While prosecutors await a jury’s verdict in the trial of Galleon Group LLC’s Raj Rajaratnam, they may take comfort that four defendants tied to the insider- trading probe that began with him are pursuing plea deals.
Don Ching Trang Chu, a former hedge-fund consultant for Primary Global Research LLC, will probably plead guilty, a judge said at a hearing in his case yesterday, after the government noted “extensive” talks with his lawyer. Prosecutors in the same Manhattan courthouse said this afternoon that Donald Longueuil, a former hedge fund manager at SAC Capital Advisors LP, will plead guilty to related insider-trading charges today.
Yesterday, Craig Drimal, a trader who worked at Galleon, pleaded guilty to conspiracy and securities fraud. He faces a maximum sentence of more than seven years in prison, far more than the average sentence of about 18 months handed down in similar cases since 2003, according to an analysis of court data by Bloomberg News.
The three men are among about three dozen people charged in what prosecutors said was a series of insider-trading rings. Jason Goldfarb, a Brooklyn, New York, lawyer, pleaded guilty April 21 to passing inside tips as part of Drimal’s ring. He faces a maximum of almost four years in prison when he’s sentenced.

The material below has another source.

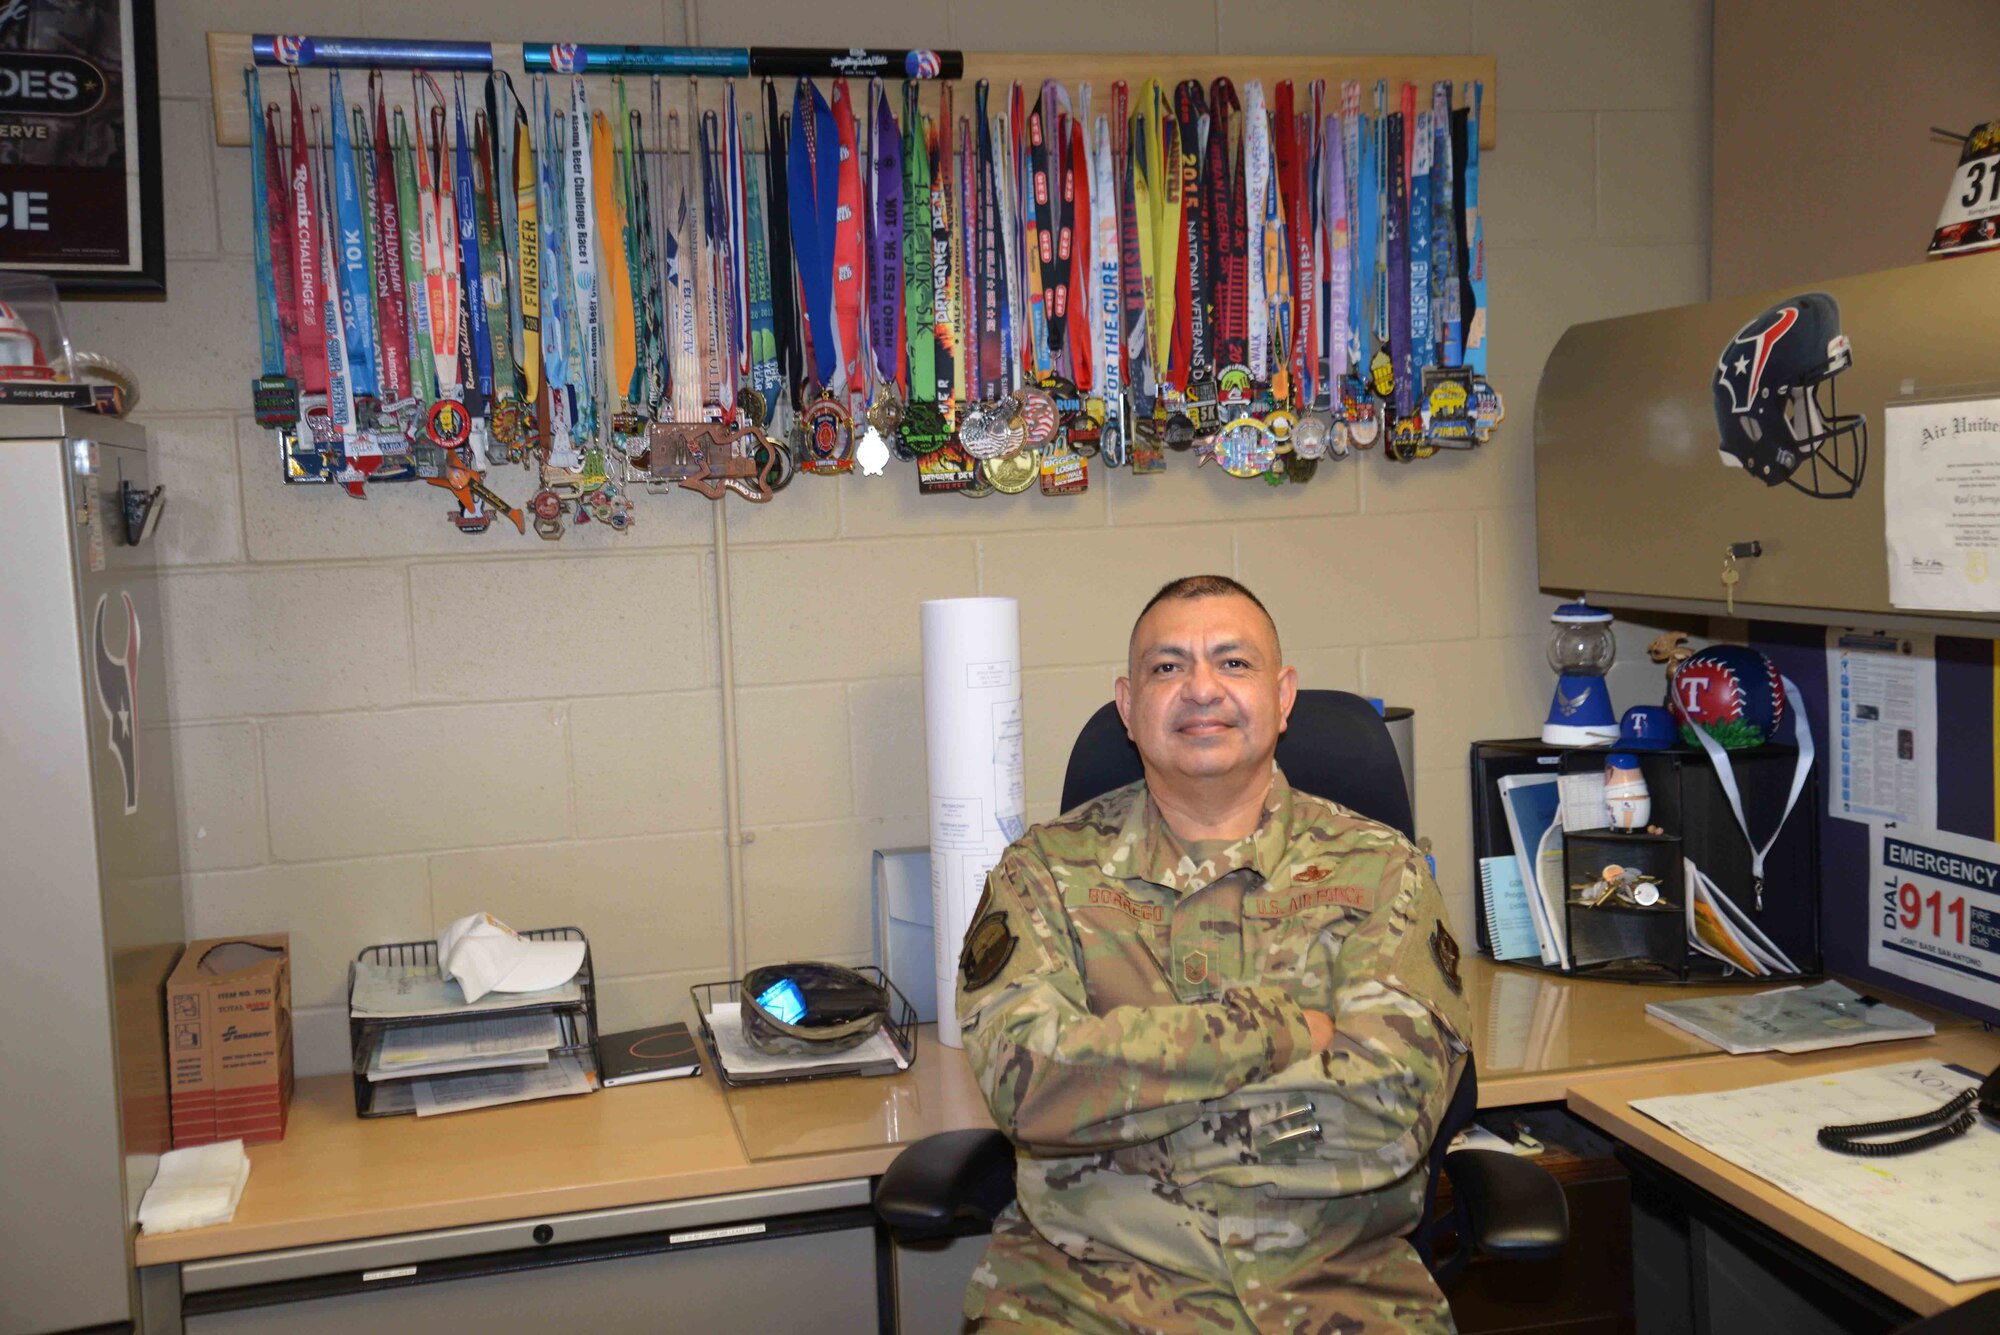 With his finisher medals in the background, Master Sgt. Raul Borrego, 433rd Aircraft Maintenance Squadron aircraft mechanic supervisor, is one of the Reserve Citizen Airmen that Chief Master Sgt. Pedro Saenz, 433rd Aircraft Maintenance superintendent, provides with support regarding his battle with Type 2 diabetes.

Rajaratnam, 53, was arrested in October 2009 in the largest crackdown on hedge-fund insider trading in U.S. history. Prosecutors said he gained $63.8 million from tips leaked by corporate insiders and hedge-fund traders about stocks including Goldman Sachs Group Inc. (GS), Intel Corp. (INTC) and Clearwire Corp. Rajaratnam, who said he based the trades on research, faces as long as 20 years in prison if convicted of the most serious counts.
As the jury weighed the evidence, Rajaratnam sat on a bench outside the courtroom chatting with his lawyers. The panel of nine women and three men began deliberating at about noon on April 25. This afternoon, they asked to hear wiretap recordings presented during the trial.
Prosecutors yesterday failed to persuade U.S. District Judge Richard Holwell to let jurors view transcripts of the recordings in the jury room.
Rajaratnam’s lawyer John Dowd said he “vehemently” objected to providing the transcripts. Holwell, who had previously ruled against the same request, said yesterday that he didn’t see a reason to provide the transcripts now. He also declined Brodsky’s request to give jurors access to the audio recordings themselves.
The case is U.S. v. Rajaratnam, 1:09-cr-01184, U.S. District Court, Southern District of New York (Manhattan).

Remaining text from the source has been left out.